O'Leary closed his eyes, concentrated briefly. "Just around the next turn," he said. "On top of the first garbage bin on the left."

The Red Bull nodded, eyeing Lafayette a trifle warily.

"Sometimes when youse ain't in such a hurry, pal, I want youse should clue me how yuh work some of dese angles."

"Sure," O'Leary said. "Hurry along now, before someone steals your flower." The Red Bull hustled away along the street; O'Leary turned into a side alley to put distance between himself and his volunteer partner. He'd like to know himself how he worked the angles, he reflected. He was beginning to take all this as seriously as though it were really happening. It was becoming increasingly difficult to remember which was the illusion, Artesia or Colby Corners.

In a small café consisting of a faded striped awning over a patch of cracked sidewalk, Lafayette sipped a thick mug of strong coffee. He had to have the location of the rebel HQ—but any question on the subject would immediately point the finger at him. As a matter of fact, the girl behind the charcoal stove where the water boiled was giving him sidelong glances right now. Maybe it was just sex appeal, but he couldn't afford to take the chance. He rose abruptly and moved on. His best bet was to keep moving and hope to overhear something.

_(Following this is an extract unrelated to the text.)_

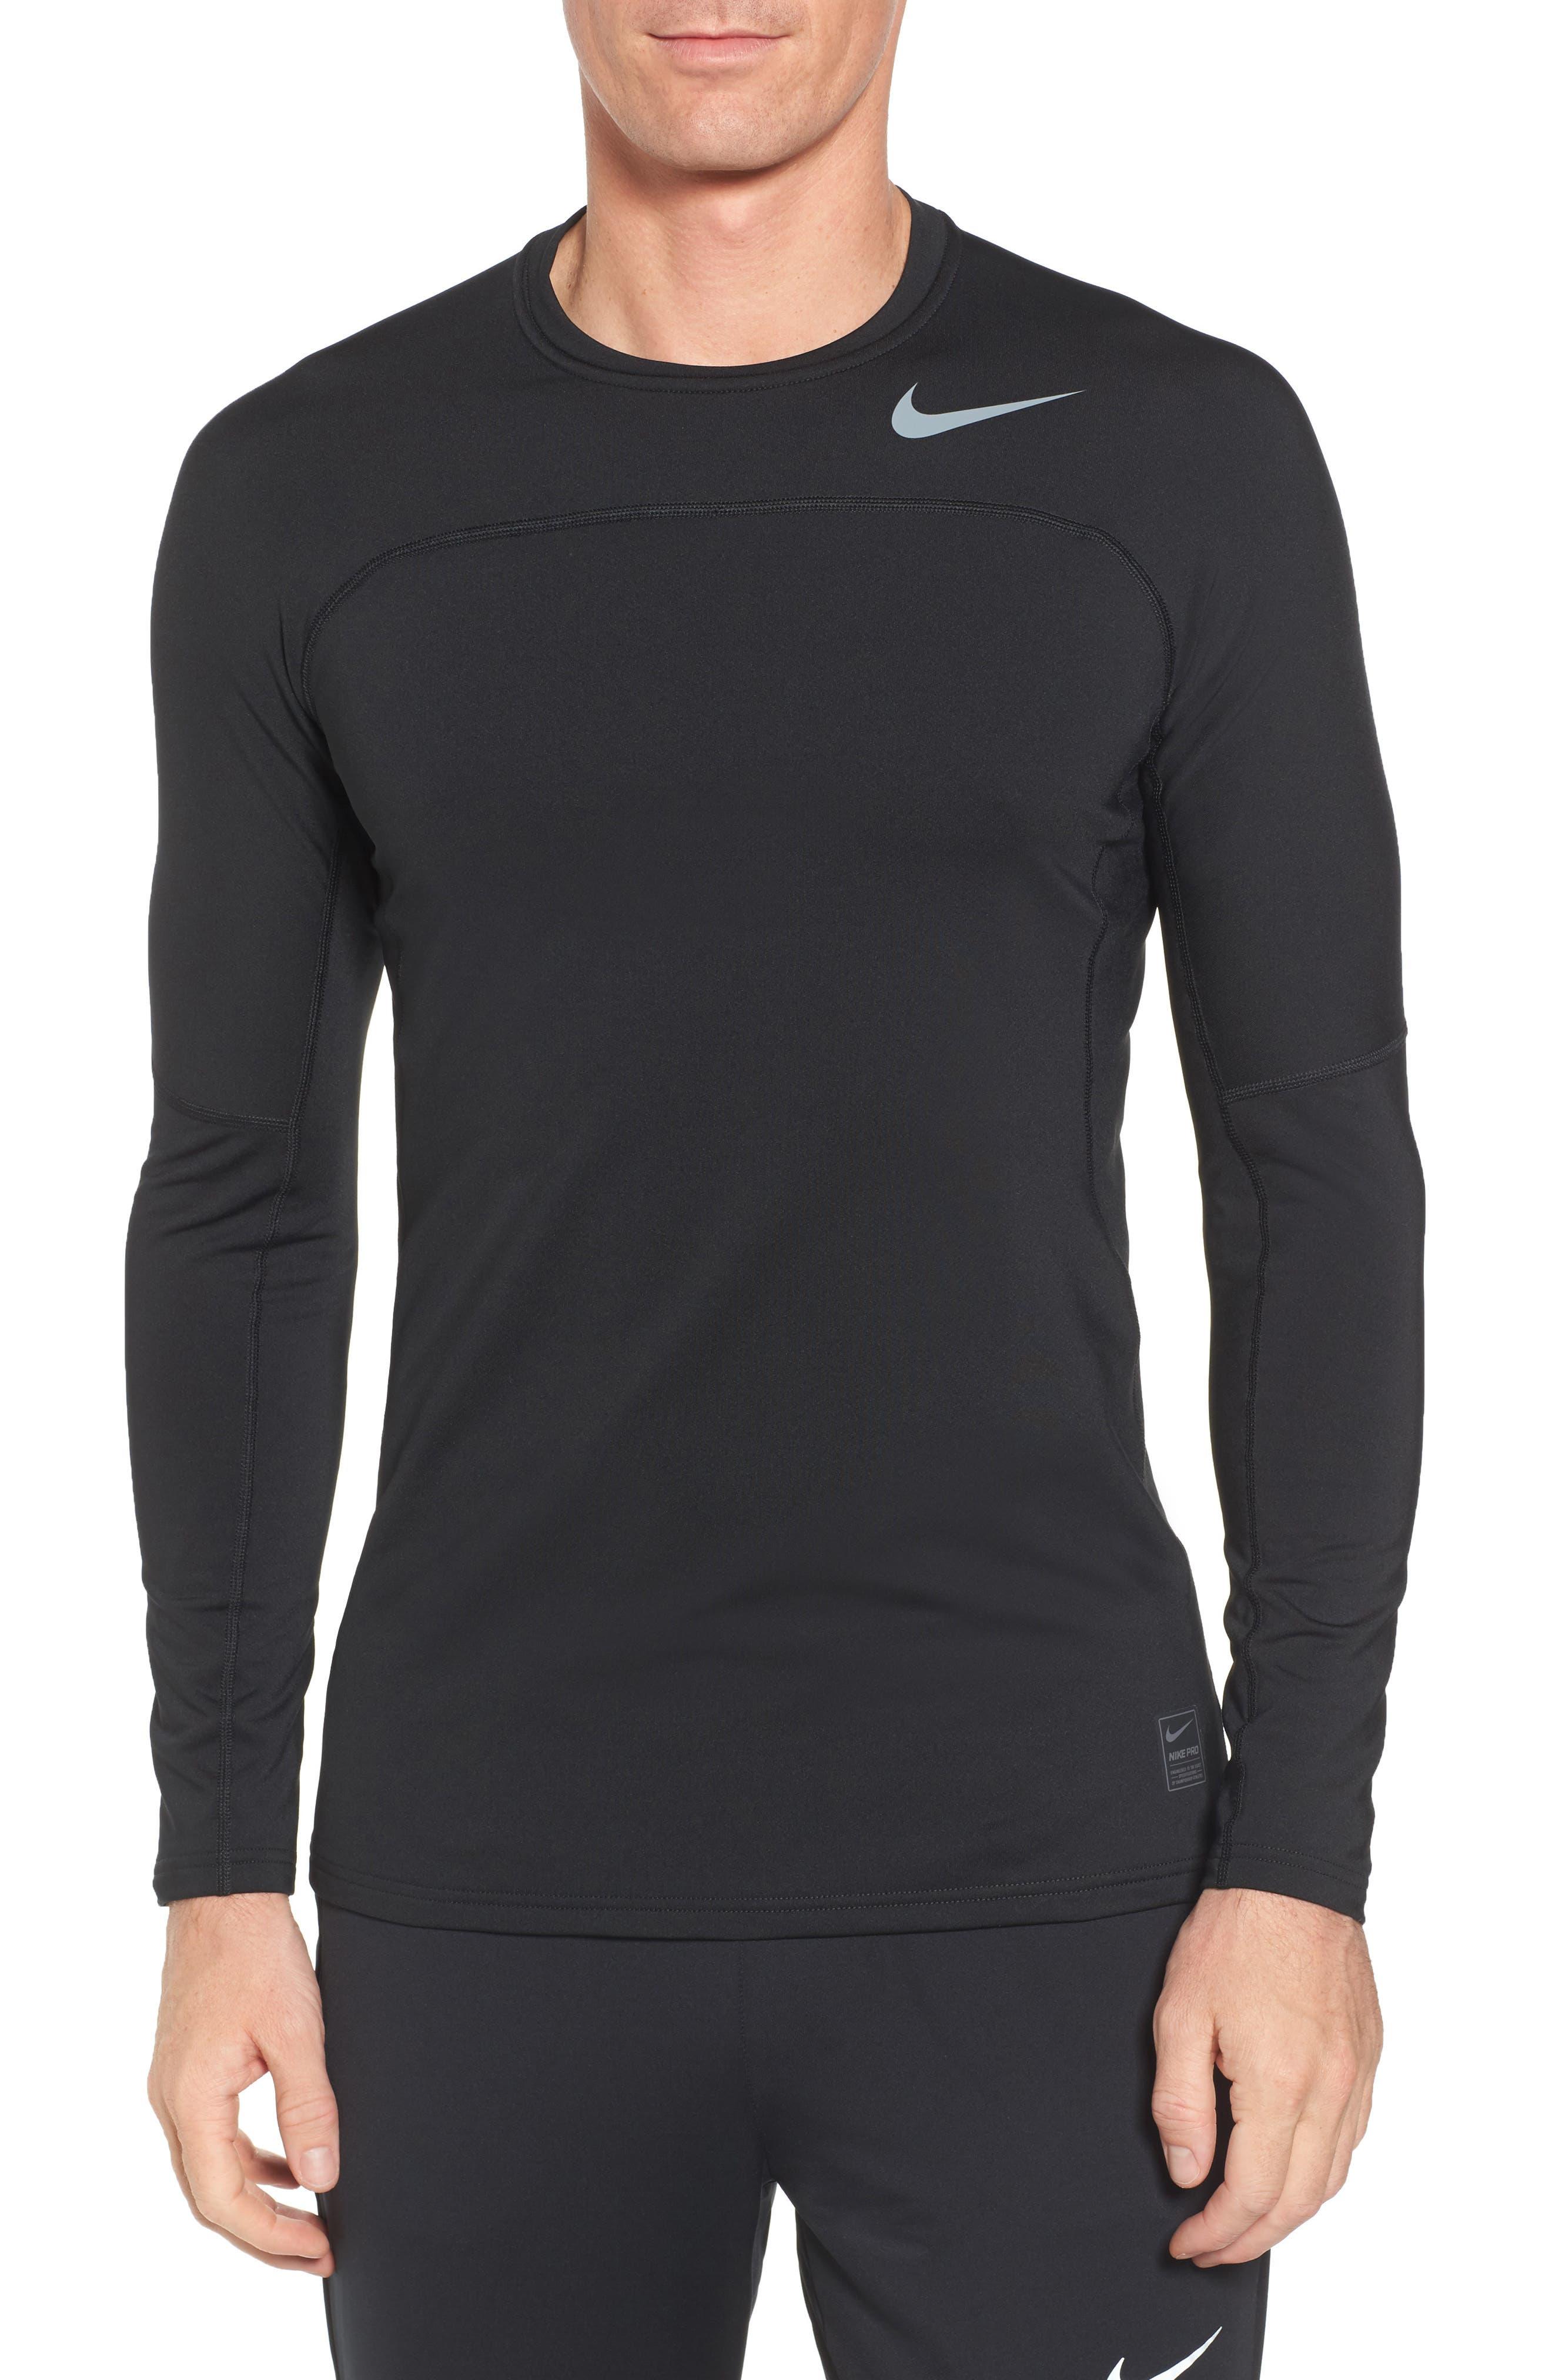 Pro Long Sleeve Training T-Shirt,                             Main thumbnail 1, color,                             Black/ Cool Grey/ Cool Grey

It was a long day. O'Leary spent it wandering idly through open-air markets, browsing in tiny crack-in-the-wall bookshops, watching the skillful gnarled hands of silversmiths and goldsmiths and leather and wood workers as they plied their crafts in stalls no bigger than the average hot-dog stand back home in Colby Corners. He ate a modest lunch of salami and ale at an inn where low-sagging foot-square beams black with soot crossed above an uneven packed-earth floor. An hour before sunset he was near the East Gate, pretending to eye the display in a tattoo artist's window, while keeping an eye on a lounging sentry who gave him no more than a casual glance. It would be no trick at all to slip through, if he just knew where to go from there . . .

A large man standing a few yards away was looking at him carefully from the corner of a red-rimmed eye. O'Leary whistled a few bars of Mairzey Doats with suddenly dry lips. He eased around the corner into a dark alleylike passage. He stepped along briskly and when he looked back he saw only looming shadows. He went on, following twists and turns. The last of the light was rapidly fading from the sky.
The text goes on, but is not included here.